A tokenizer that can be installed with: npm i tokenizer-1dv610 visit the github repo for more info if this page is not up to date
npm i tokenizer-1dv610
npm i tokenizer-1dv610
initilize a new object of the class 'Tokenizer' and pass in 2 arguments, the first one is the string you want to tokenize, the second on is an instance of the Grammar class that is shown below
import { Tokenizer, Grammar } from 'tokenizer-1dv610'
let wordAndDotGrammar = new Grammar()
wordAndDotGrammar.addGrammar({'regex':/^[\A-Za-z|åäöÅÄÖ]+/g,'type':'word'})
wordAndDotGrammar.addGrammar({'regex':/^./g,'type':'dot', 'sentenceEnding':'normal sentence'})
wordAndDotGrammar.addGrammar({'regex':/^?/g,'type':'question mark', 'sentenceEnding':'question'})
wordAndDotGrammar.addGrammar({'regex':/^!/g,'type':'exclamation mark', 'sentenceEnding':'announcement'})
let tokenizer = new Tokenizer('Hello this is a sentence.',wordAndDotGrammar)

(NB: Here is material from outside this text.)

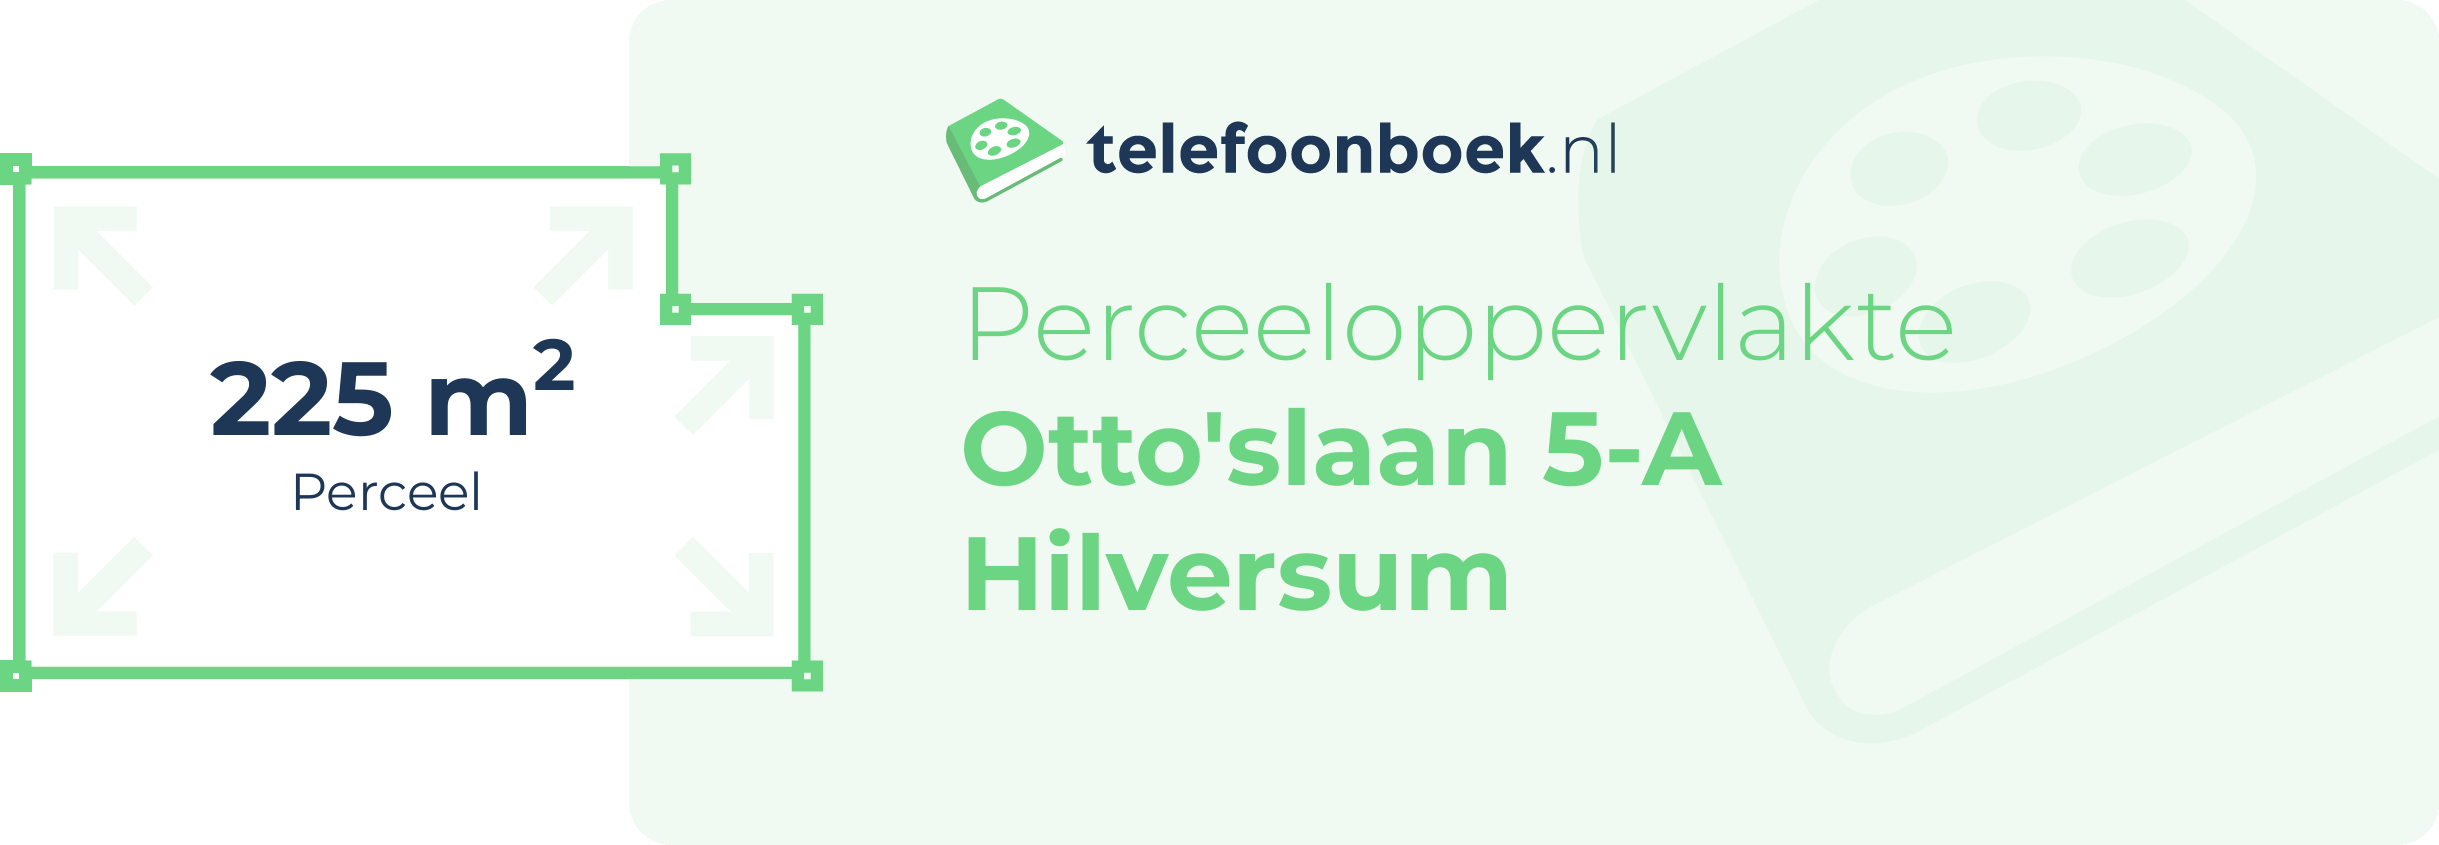 Perceeloppervlakte Otto'slaan 5-A Hilversum
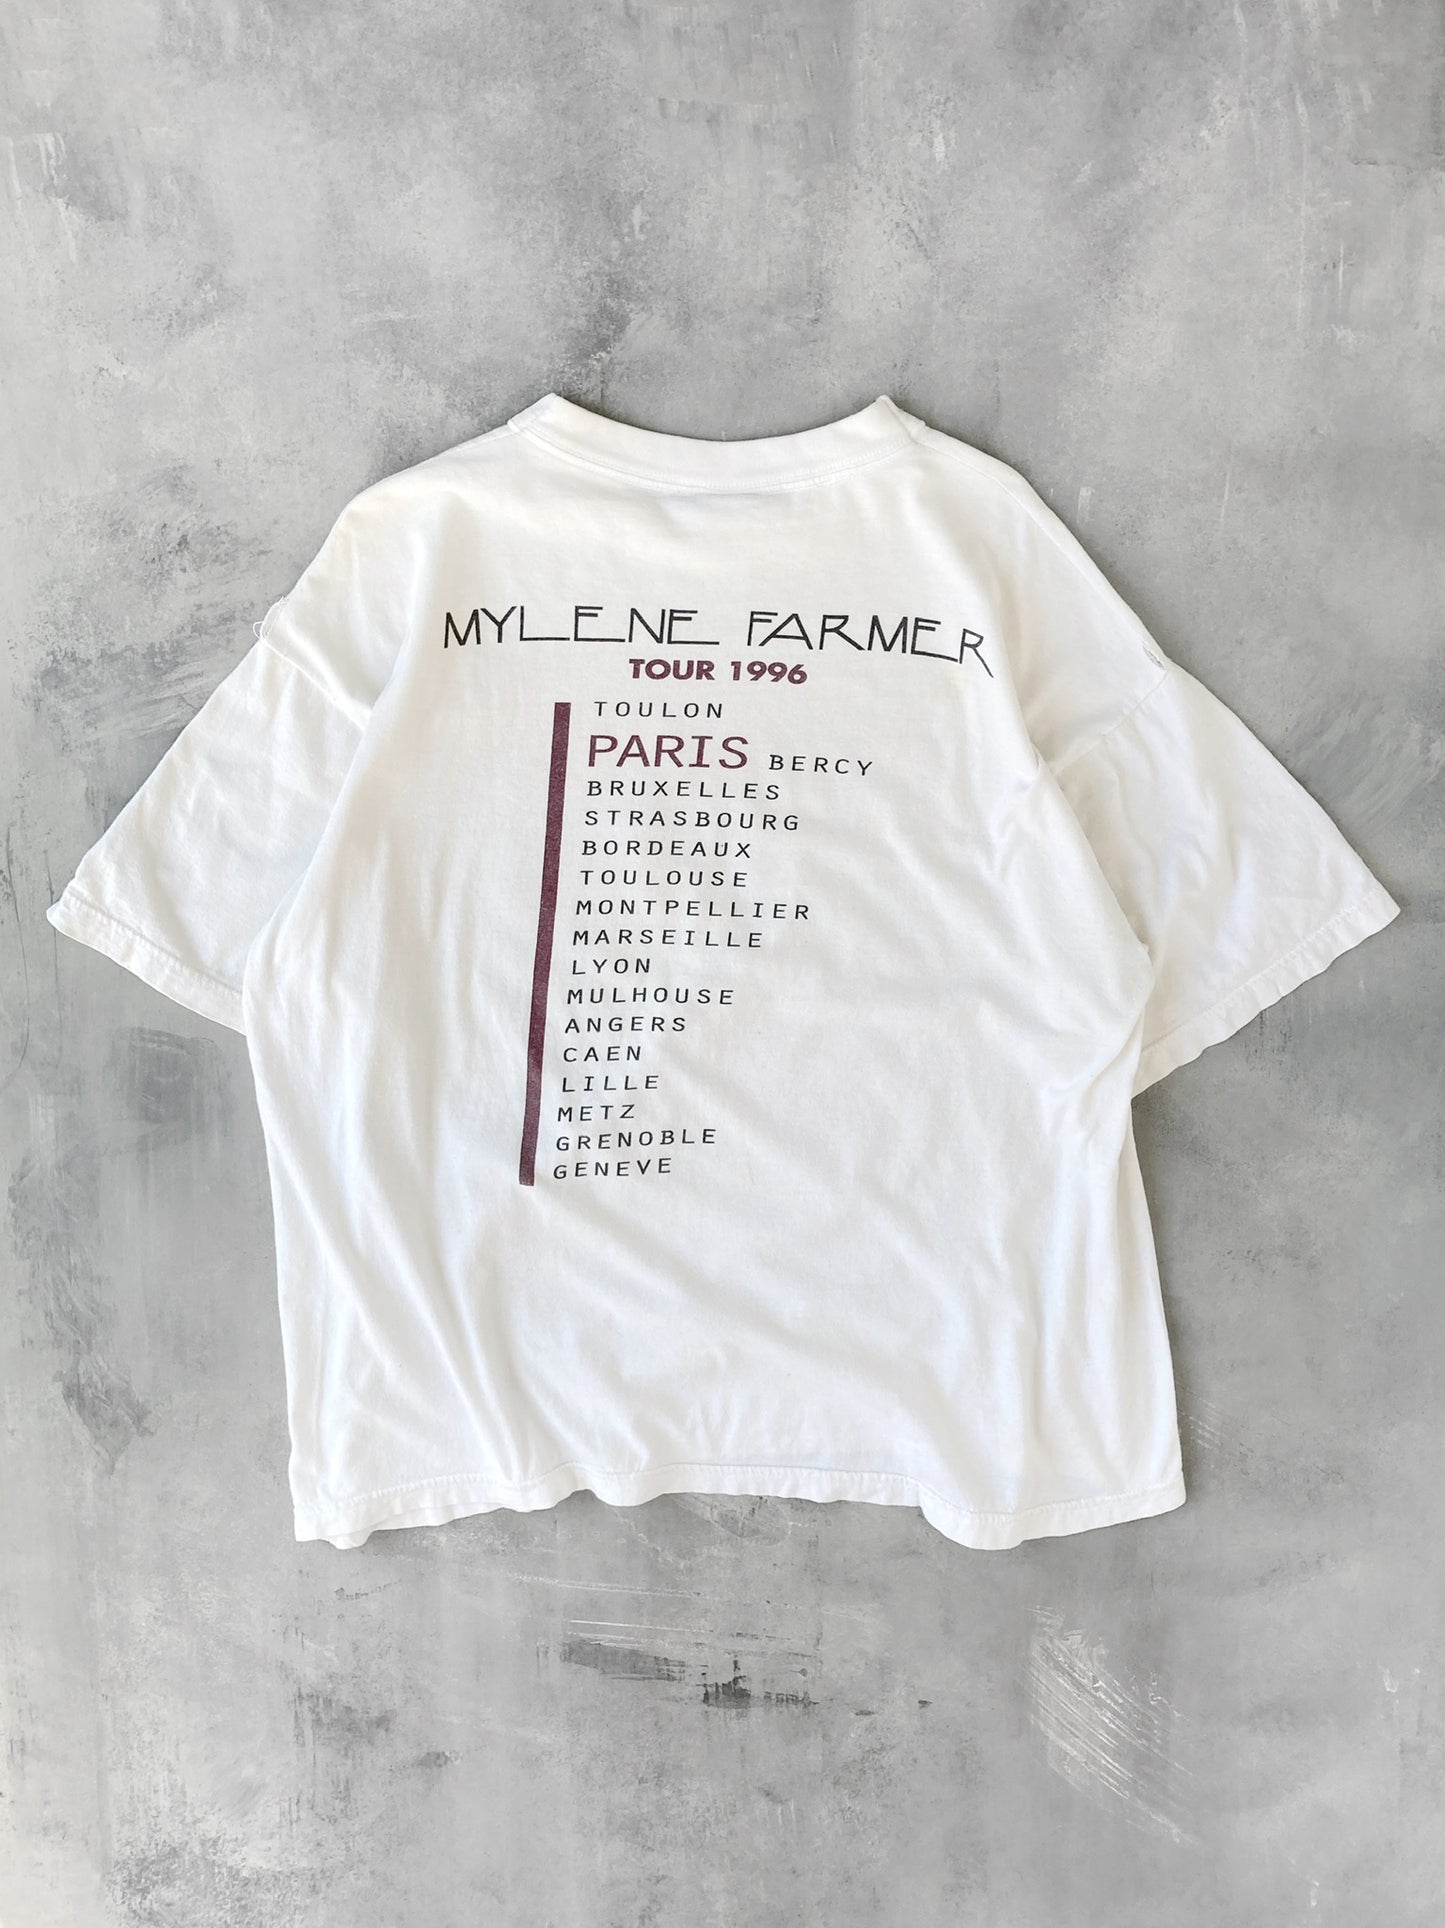 Mylene Farmer Tour T-shirt '96 - XL

To get the current token use:
tokenizer.getCurrentToken()
To step to the next token use:
tokenizer.next()
To step to the previous token use:
tokenizer.previous()
To change the string use:
tokenizer.setString('new string')
'Hello this is a sentence.' if you try it out with the above code sentence:
console.log(tokenizer.getCurrentToken())
output: "Hello"
tokenizer.next()
tokenizer.next()
console.log(tokenizer.getCurrentToken())
output: "is"